\[\boxed{\begin{align} &3 \le 5x_1+3x_2+3x_3+5x_4 \le 5 \\ &0 \le x_2+x_3 \le 1 \\ &0 \le x_1+x_4 \le 1 \\ &1 \le 3x_3+5x_4 \le 3 \\ &0 \le 5x_1+3x_2 \le 2 \\ &0 \le x_1,x_2,x_3,x_4 \le 1 \end{align}}\]
It was noted we can use linear programming (using a dummy objective) to find one solution (if it exists), The question came up: can we find all solutions? Similar questions are asked many times. There are at least a few possible answers to this question:
- If the \(x_j\) are continuous variables, then a system of inequalities has zero, one or infinitely many solutions. Enumerating all of them is of course out of the question.
- Should you even want multiple solutions? It may be better to introduce an objective that implements how we should weigh the different solutions, and thus allows us to pick the best one.

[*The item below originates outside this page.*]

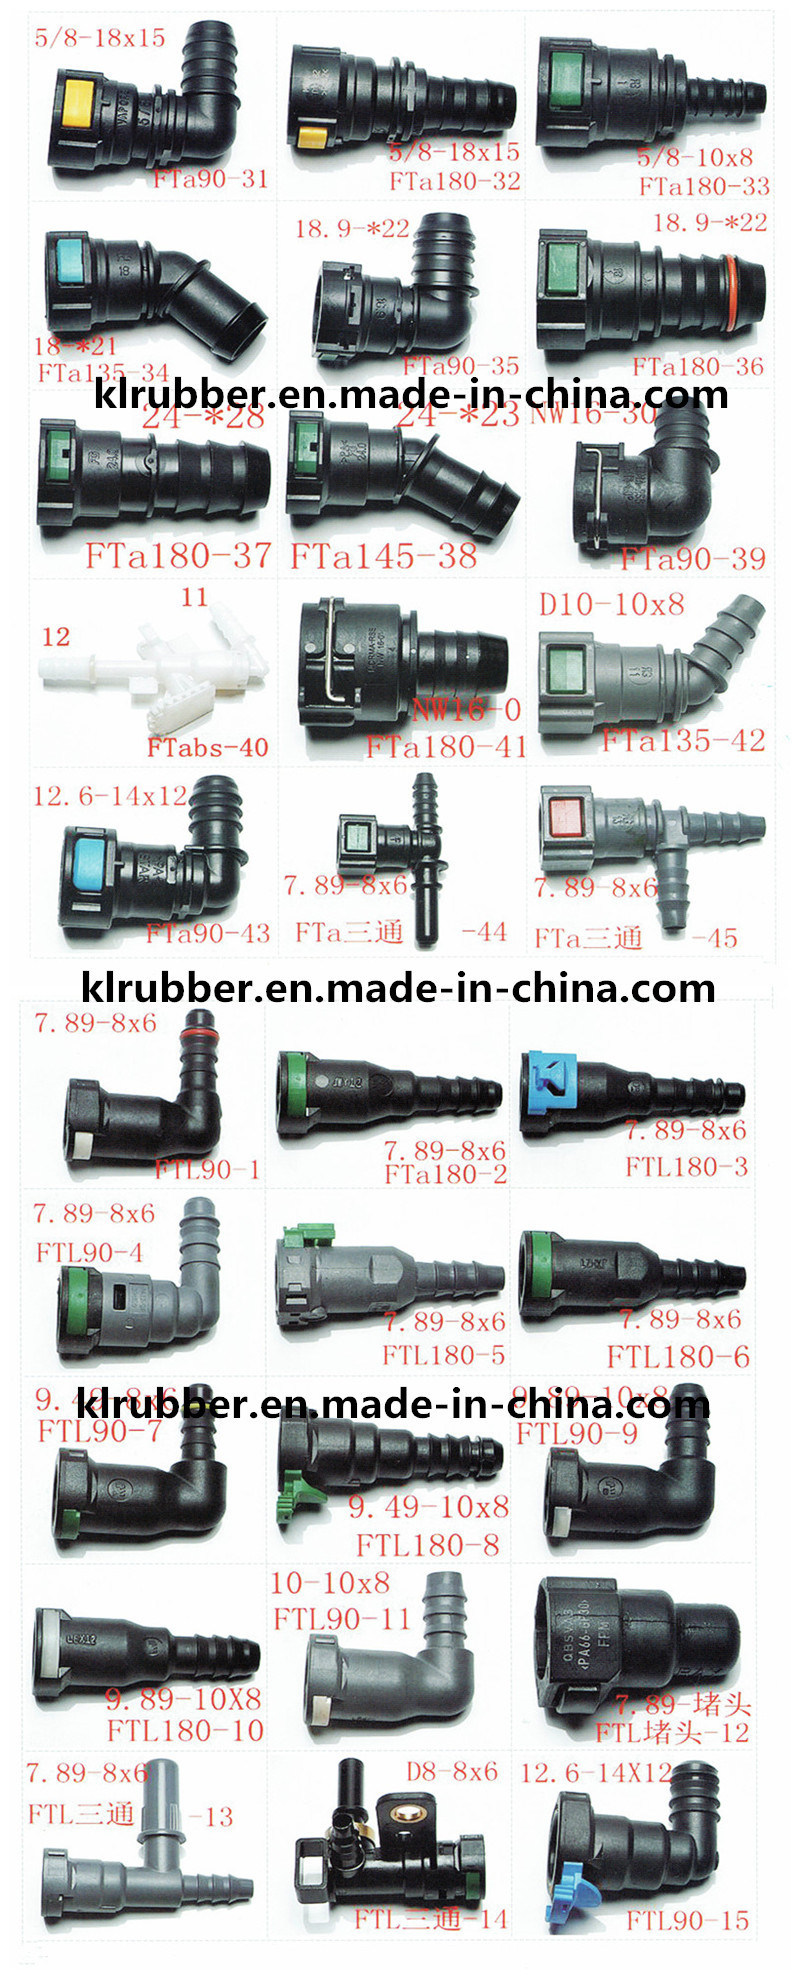 Oil Resistant Plastic Pipe Fitting for Hydraulic Rubber Hose

- In linear programming we have concept of corner points. Those points we can enumerate. There are finitely many of them but in practice there may be too many of them to enumerate all of them. Here we try this out on this problem.
- If we can restrict the solutions to be integers, things become simpler. Now it is possible to enumerate all of them using some MIP tricks, or we can use constraint programming tools that provide this functionality out-of-the-box.
This system is small enough to try out a few things.